## WHAT THE TASK ASKS
Restate the listing below word for word; no pictures belong in the copy.

## DATA SECTION
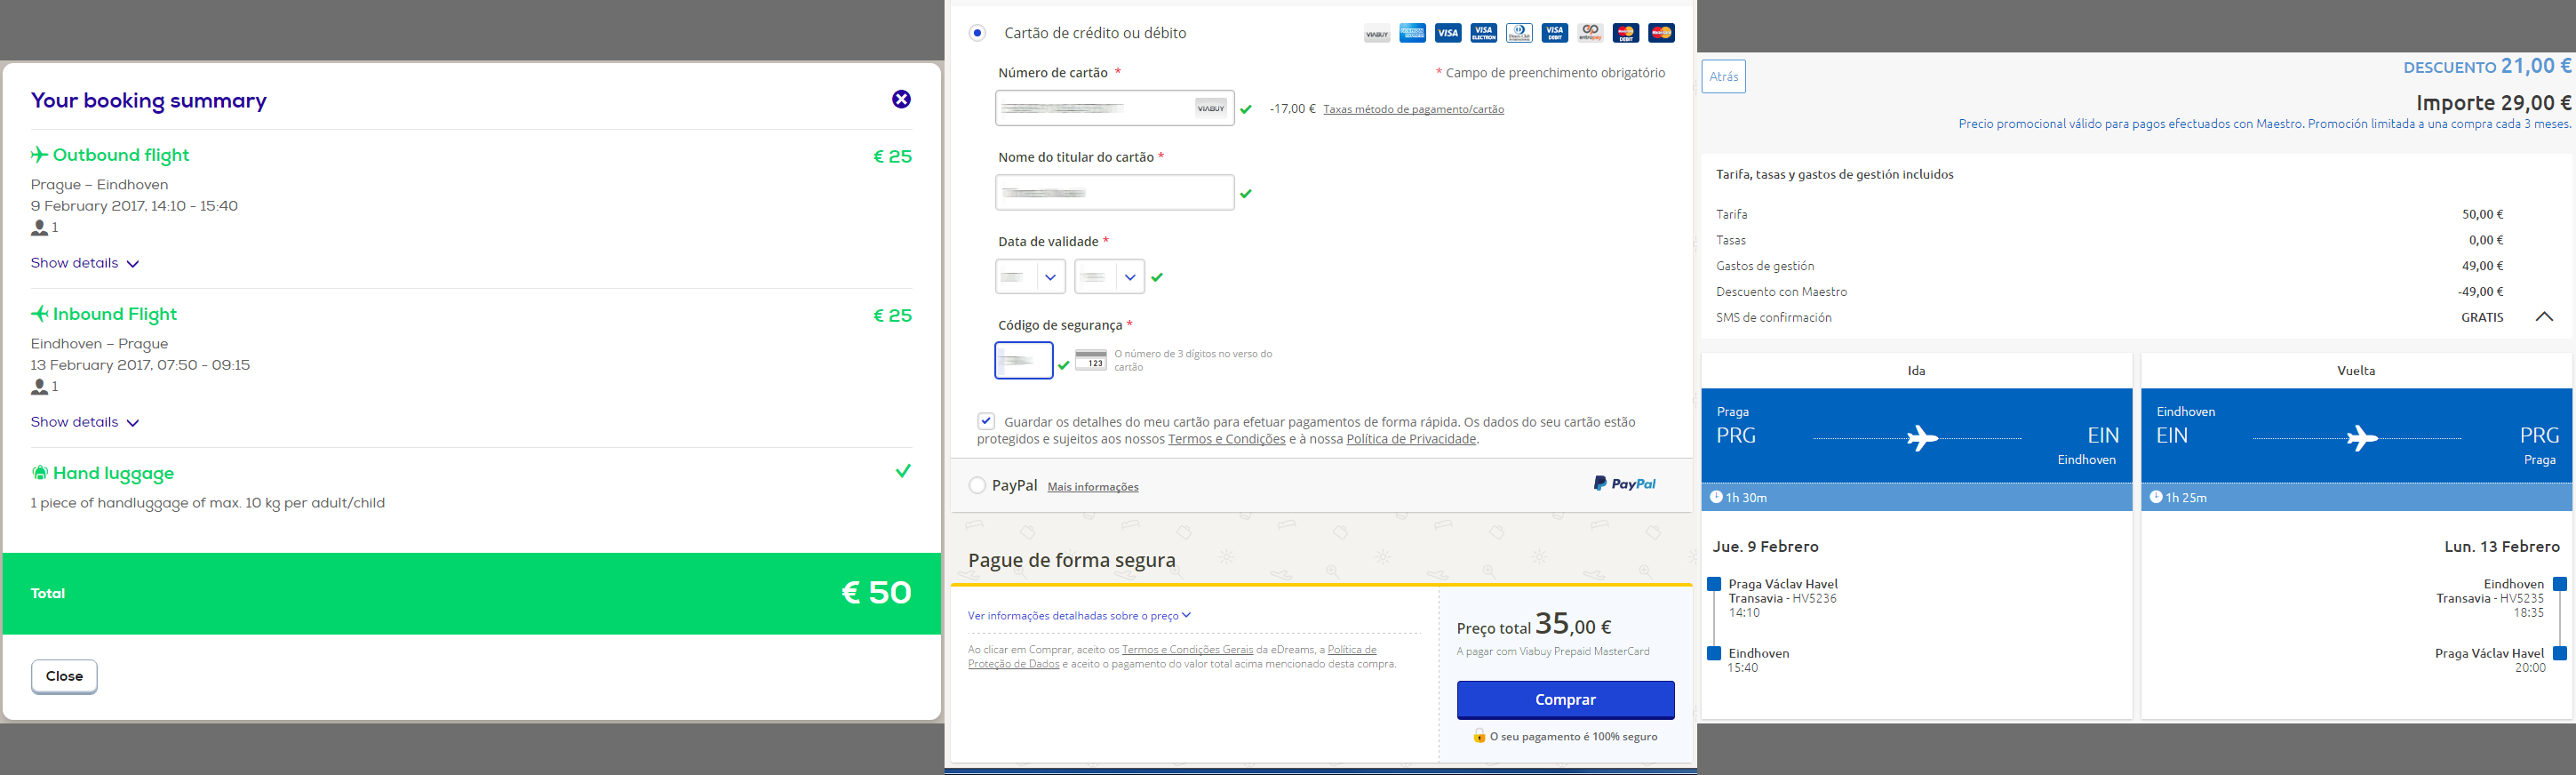 Porovnani cen na Transavia, eDreams.pt a Rumbo.es
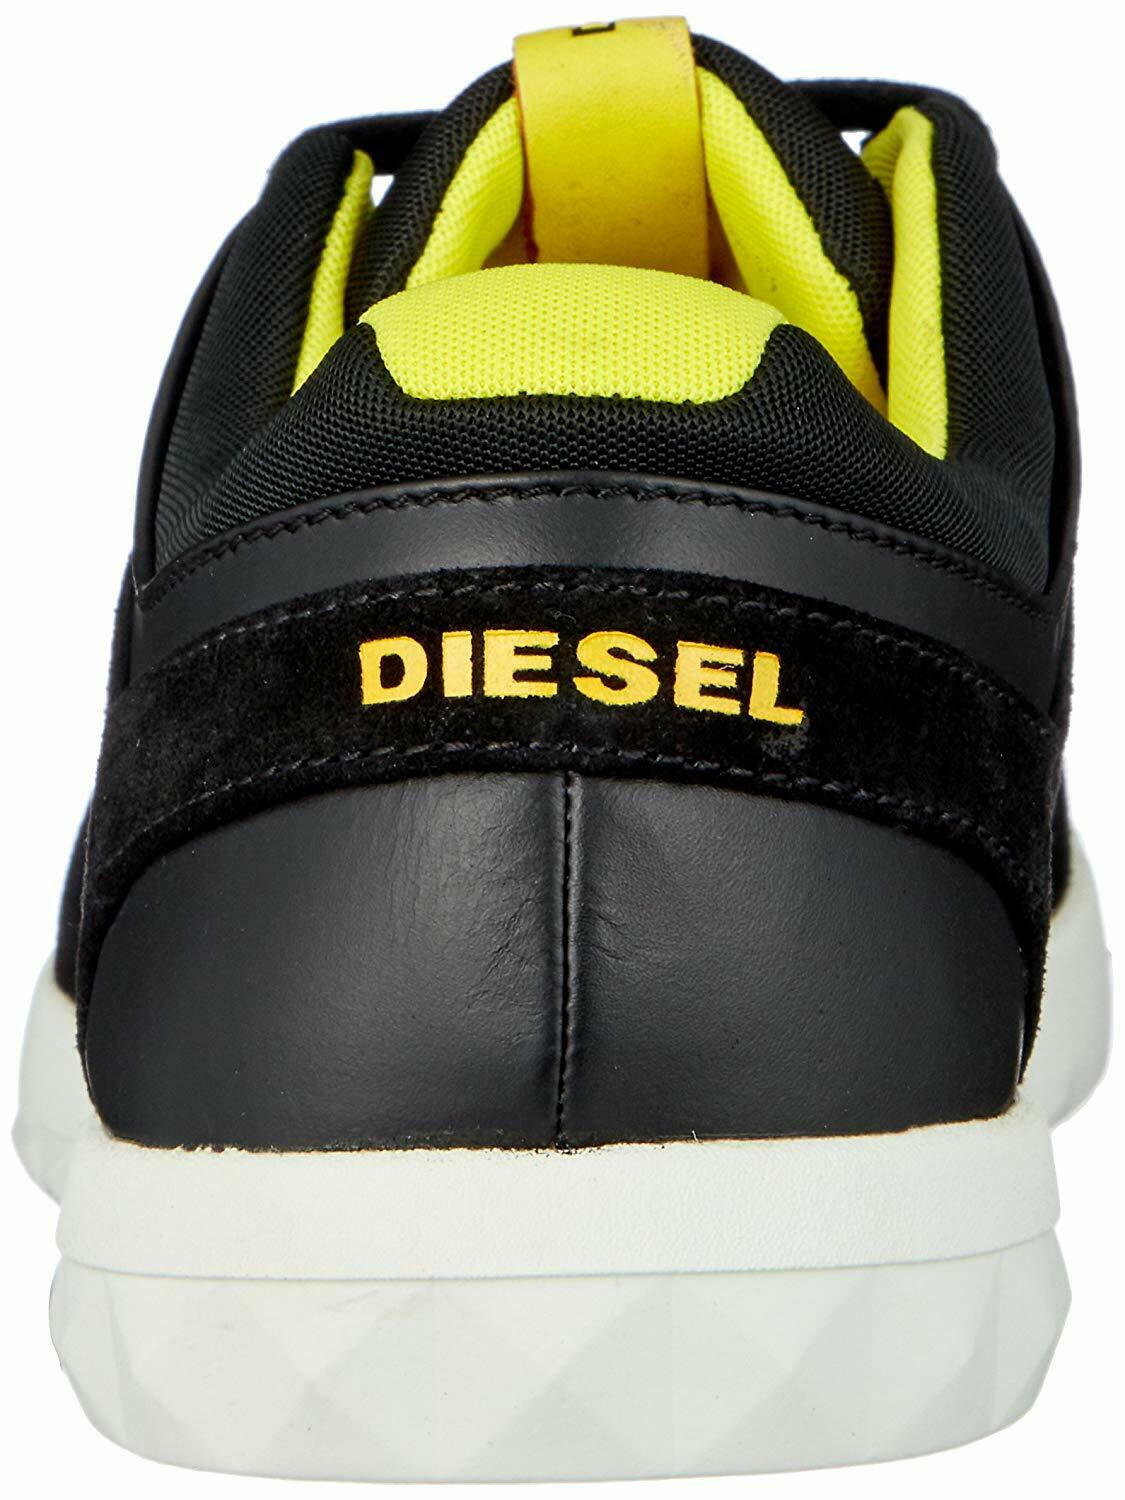 diesel men's casual shoes
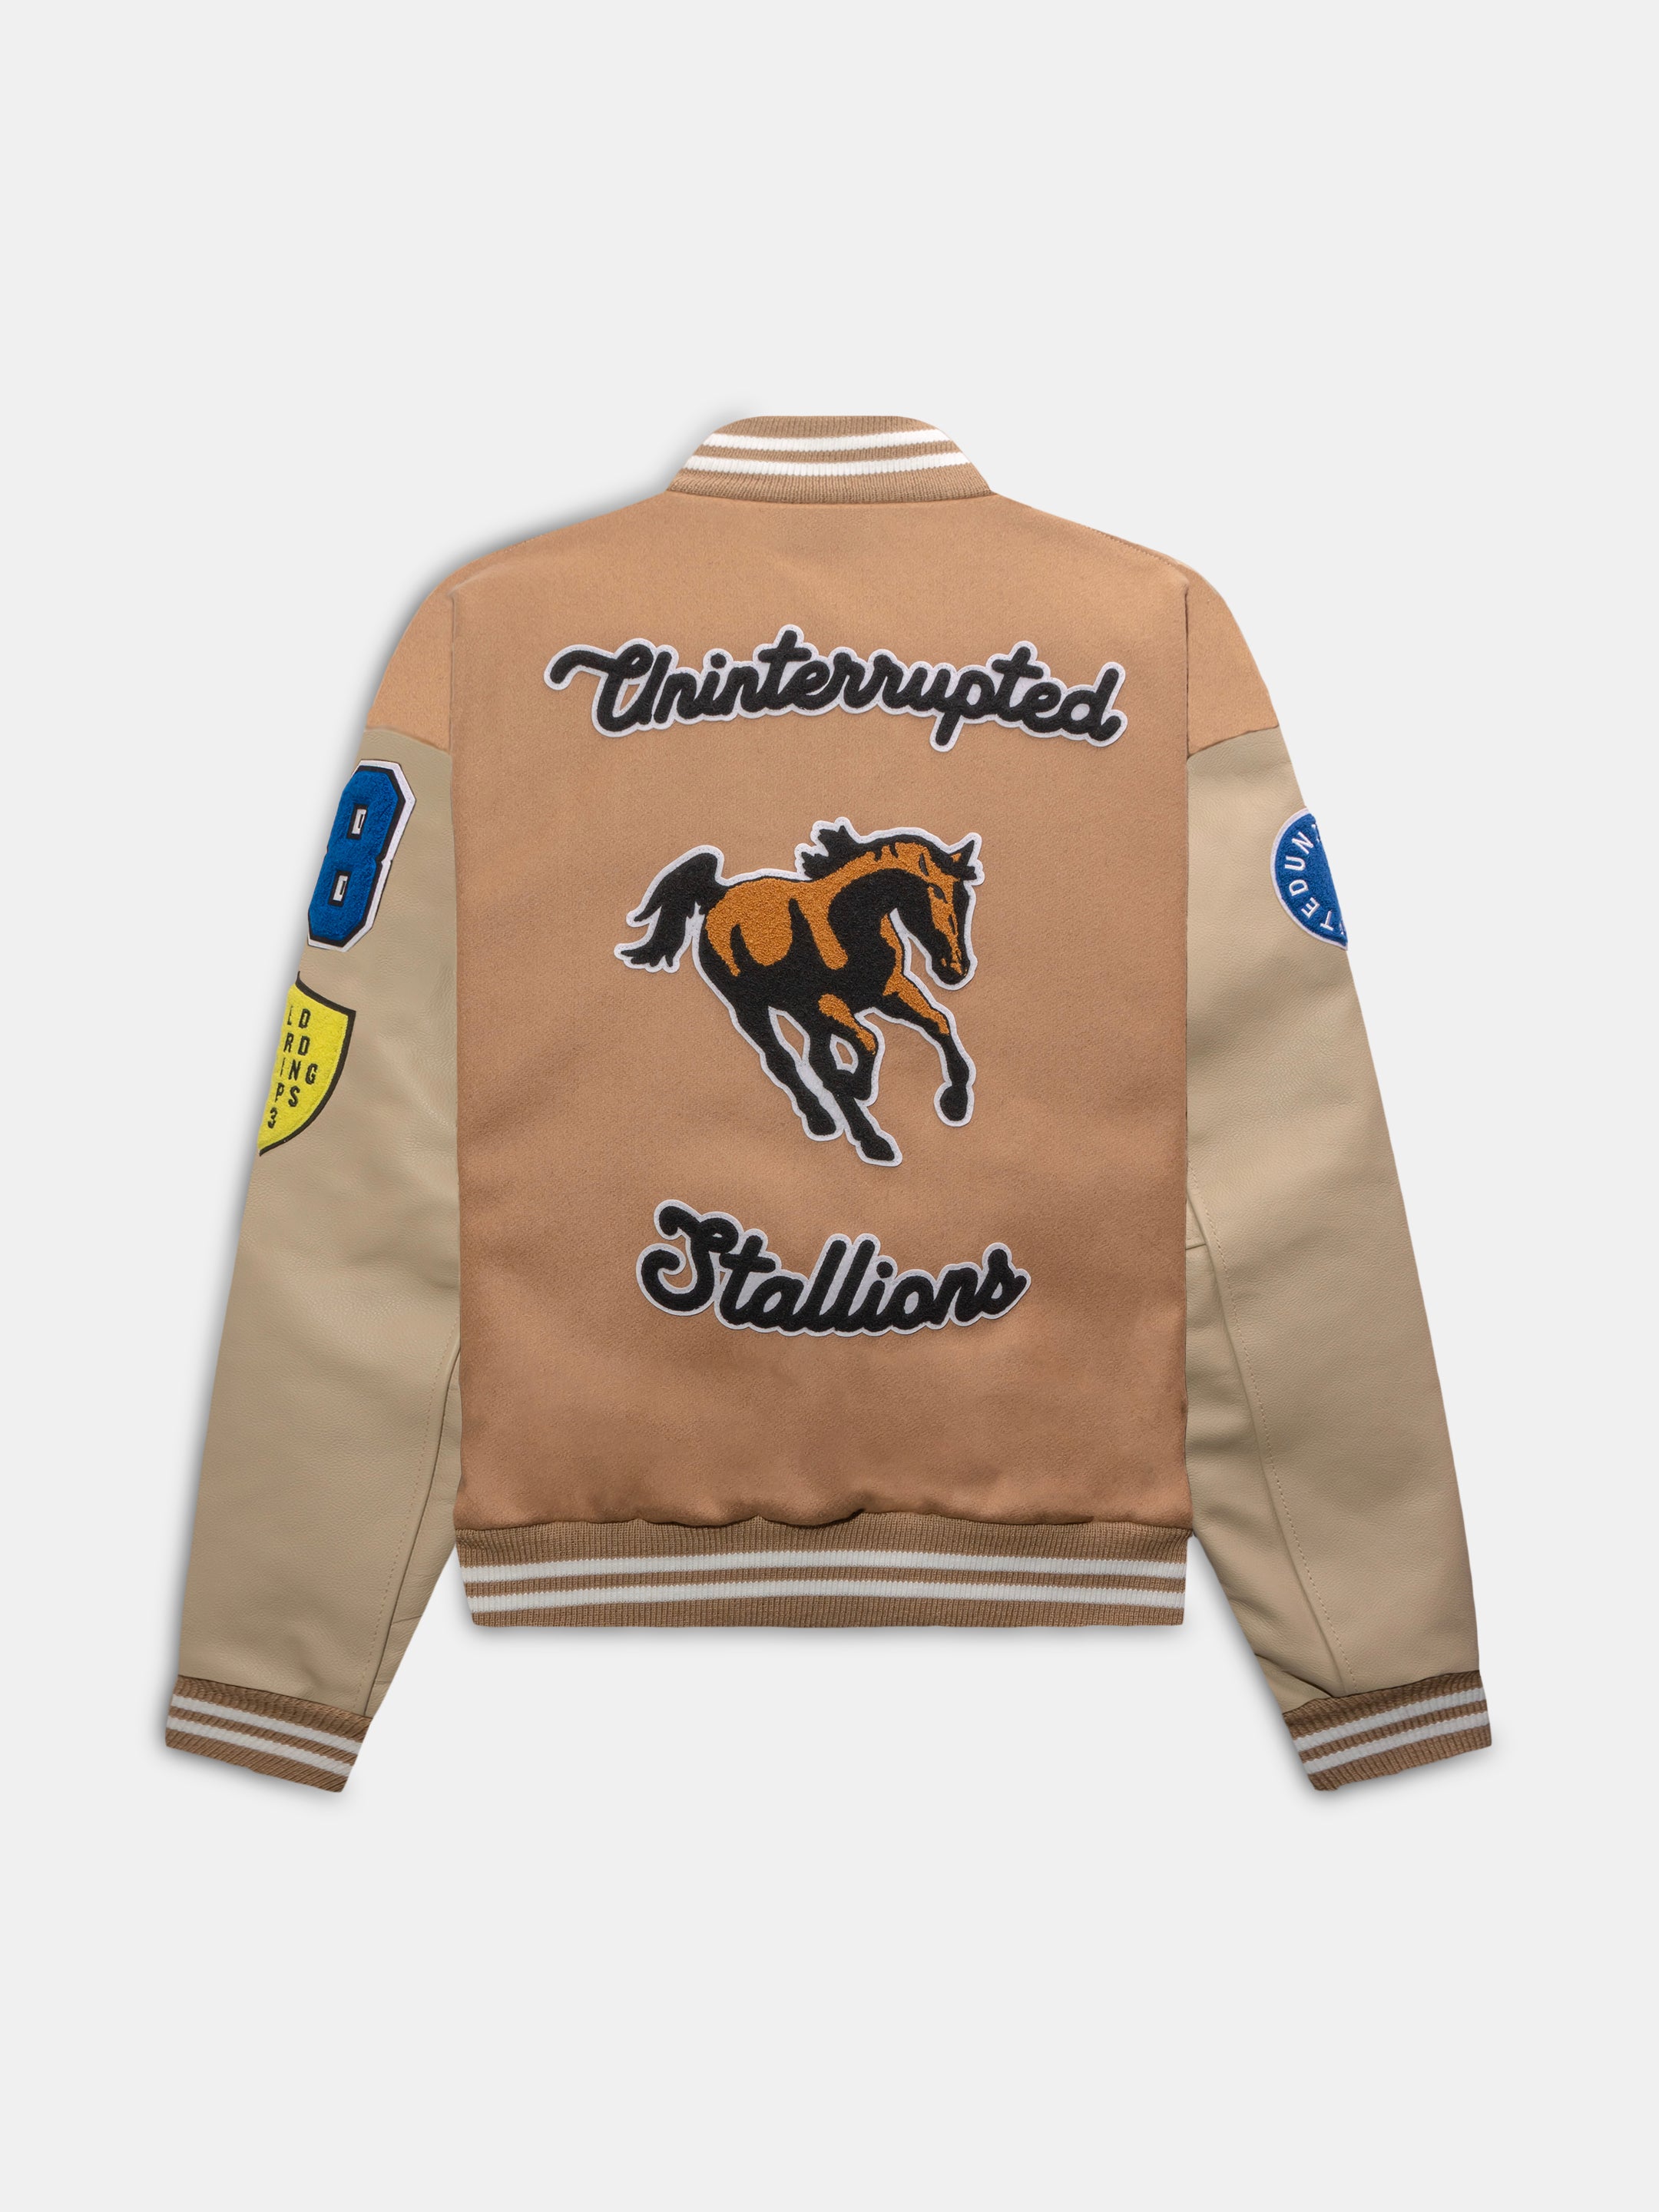 UNINTERRUPTED Stallions Tan Varsity Jacket by Settlemier's

## RESPONSE TO THIS EXERCISE
 Porovnani cen na Transavia, eDreams.pt a Rumbo.es
 diesel men's casual shoes
 UNINTERRUPTED Stallions Tan Varsity Jacket by Settlemier's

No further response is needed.